Available data
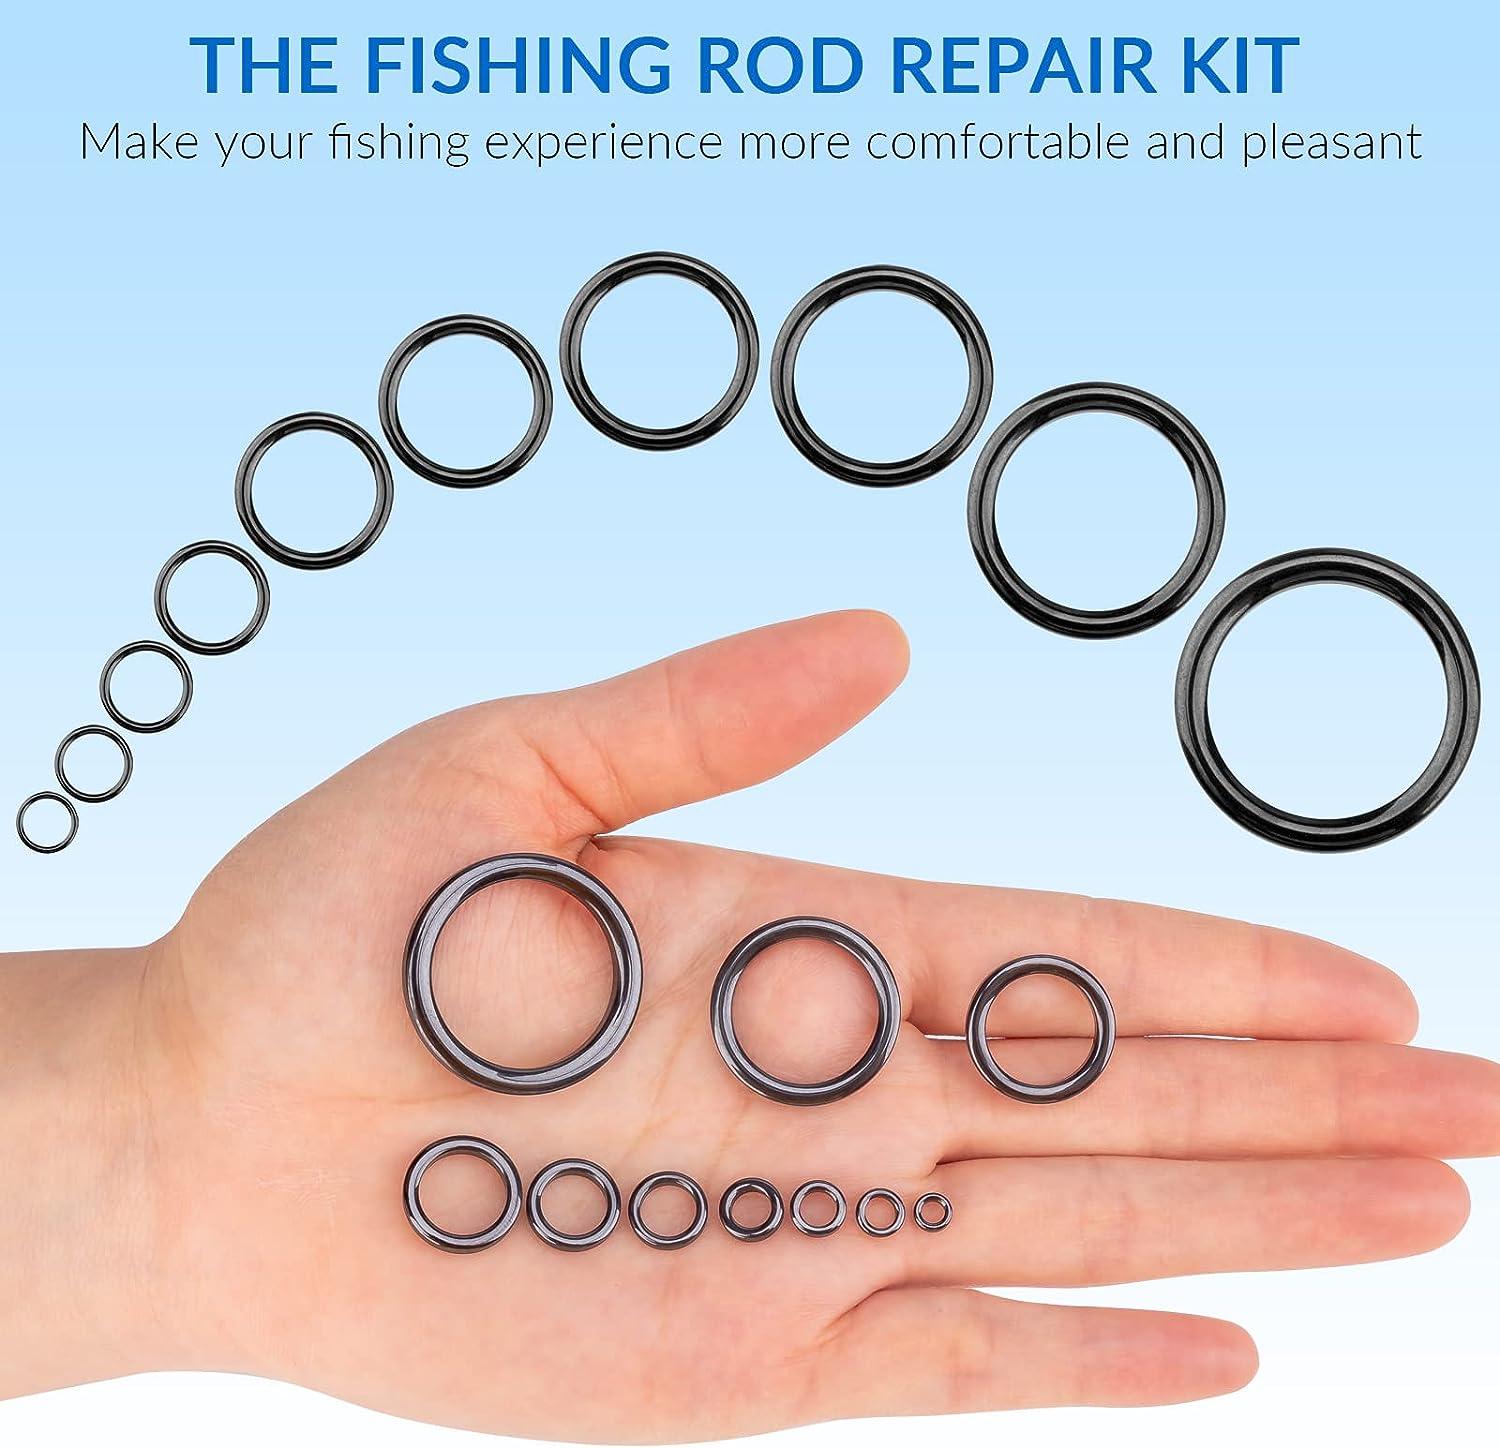 THKFISH Rod Repair Kit Rod Tip Repair Kit Ceramics Tips Stainless
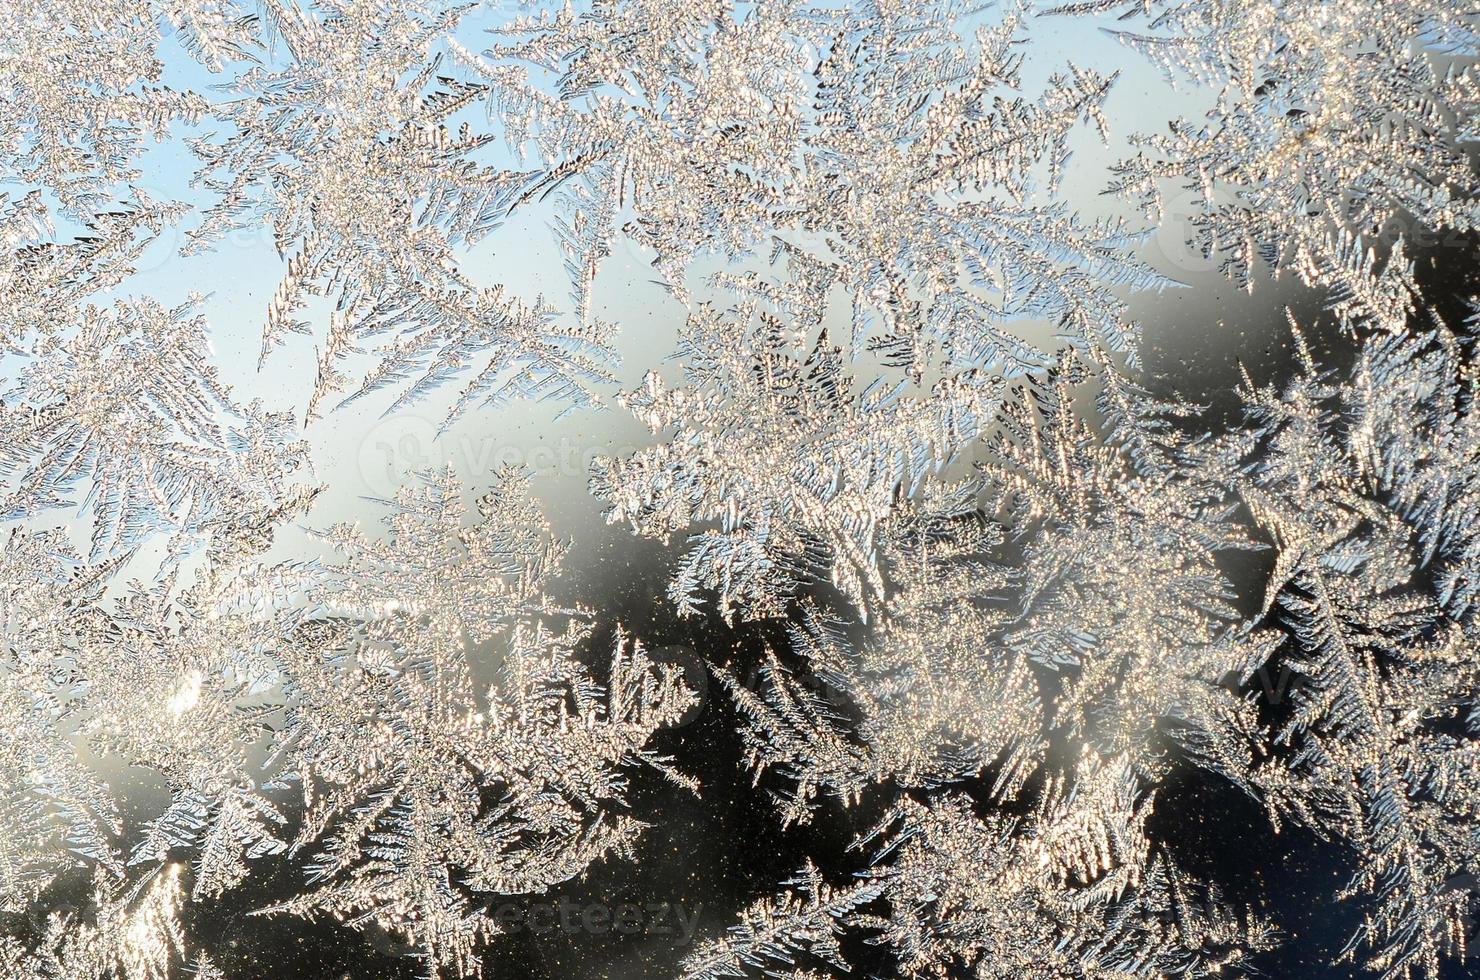 Schneeflocken Frost Raureif Makro auf Fensterglasscheibe foto
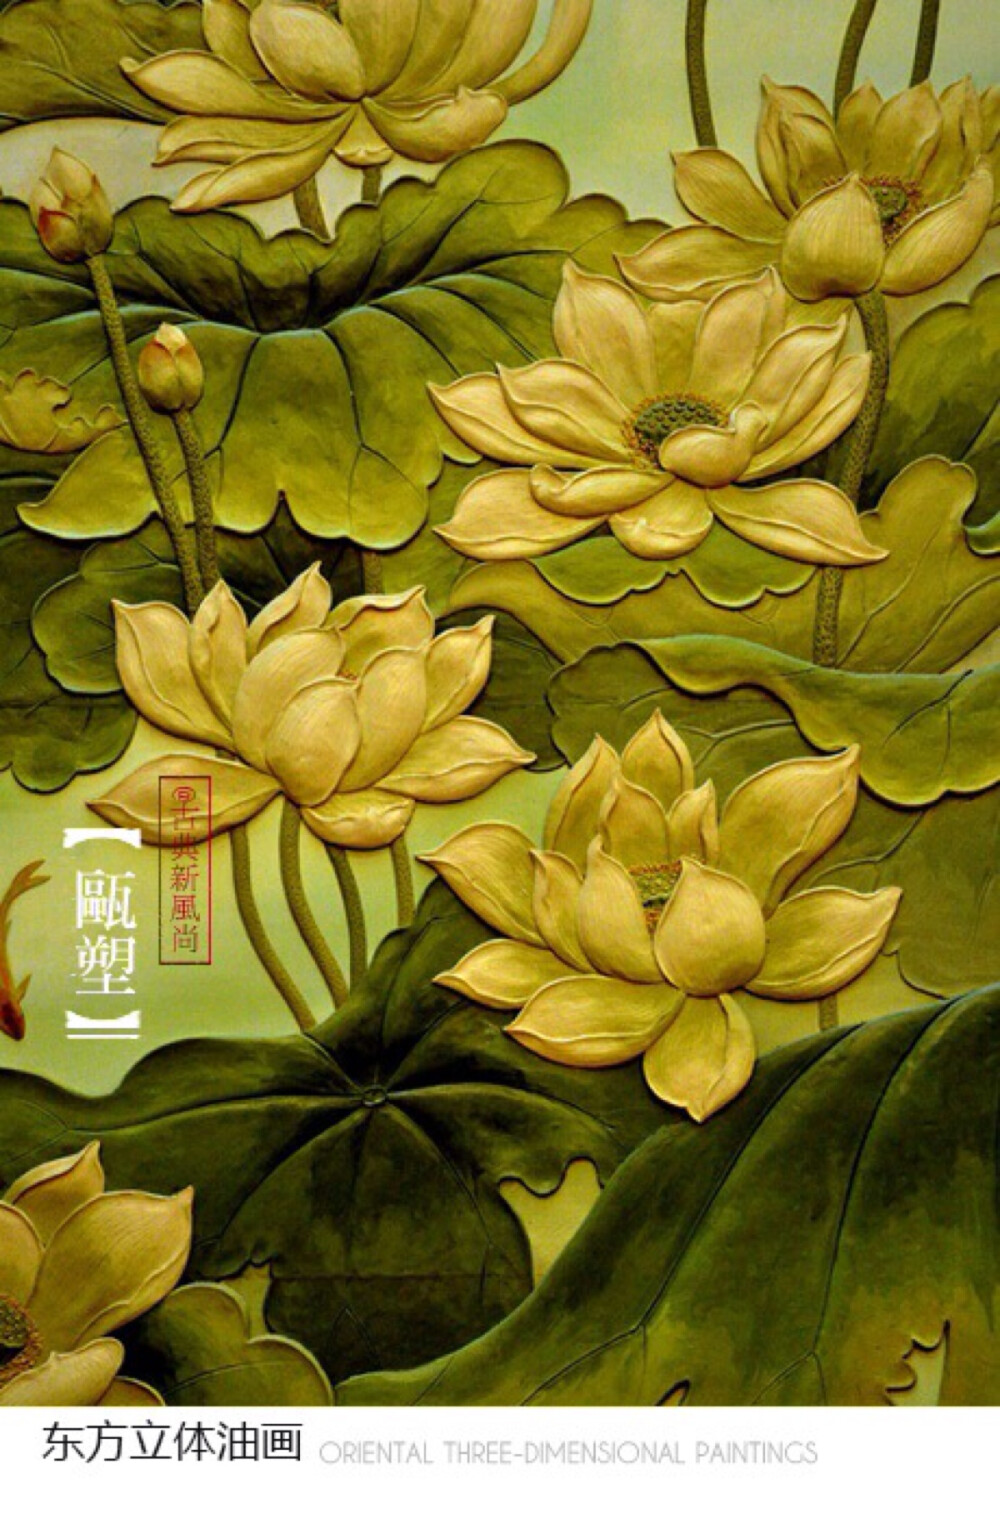 瓯塑俗称油泥塑,是浙江温州民间独有的传统美术工艺,被誉为“东方的立体油画”。
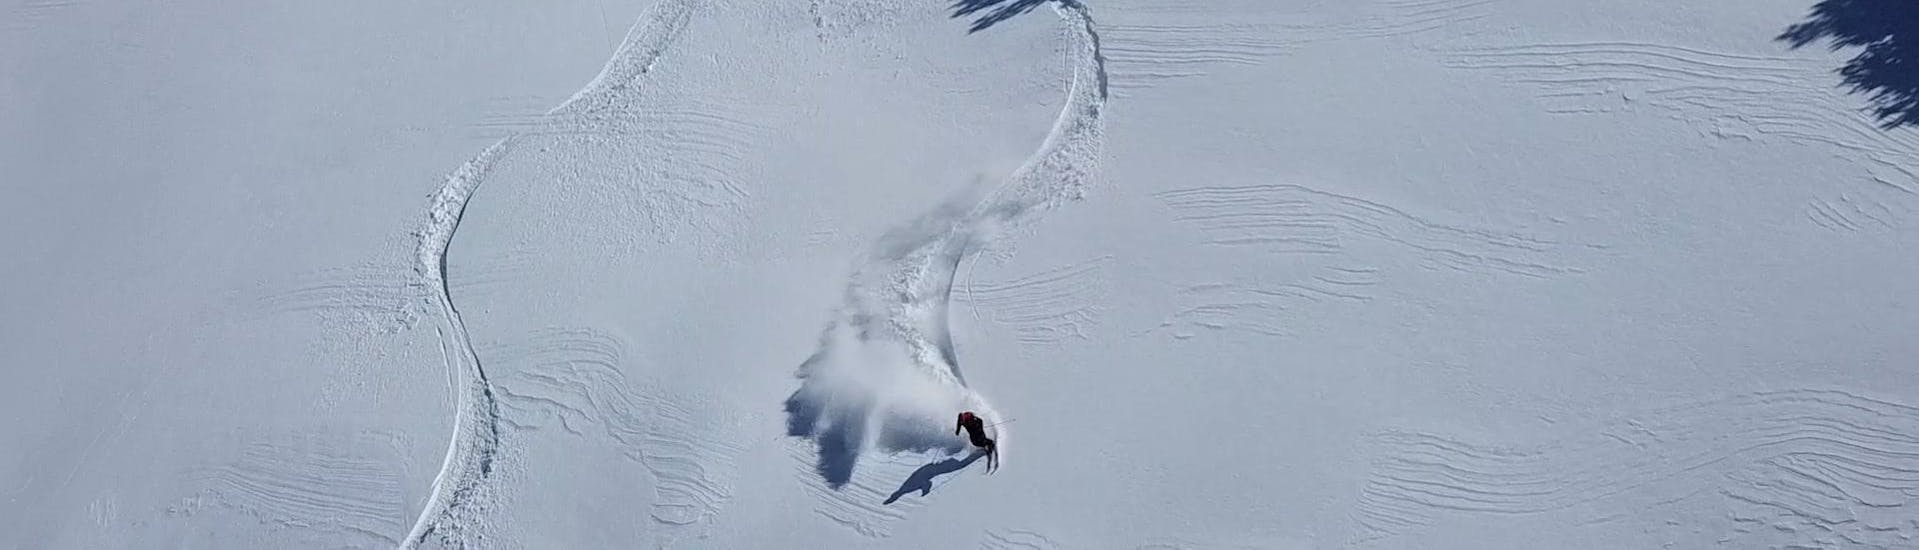 Un skieur profite de la descente dans la neige profonde pendant les cours particuliers de ski freeride pour tous les niveaux de l'école de ski Cerler.

Your assignment
The expected answer is the whole listing above, copied exactly, with images excluded.

Task solution
 THKFISH Rod Repair Kit Rod Tip Repair Kit Ceramics Tips Stainless
 Schneeflocken Frost Raureif Makro auf Fensterglasscheibe foto
 瓯塑俗称油泥塑,是浙江温州民间独有的传统美术工艺,被誉为“东方的立体油画”。
 Un skieur profite de la descente dans la neige profonde pendant les cours particuliers de ski freeride pour tous les niveaux de l'école de ski Cerler.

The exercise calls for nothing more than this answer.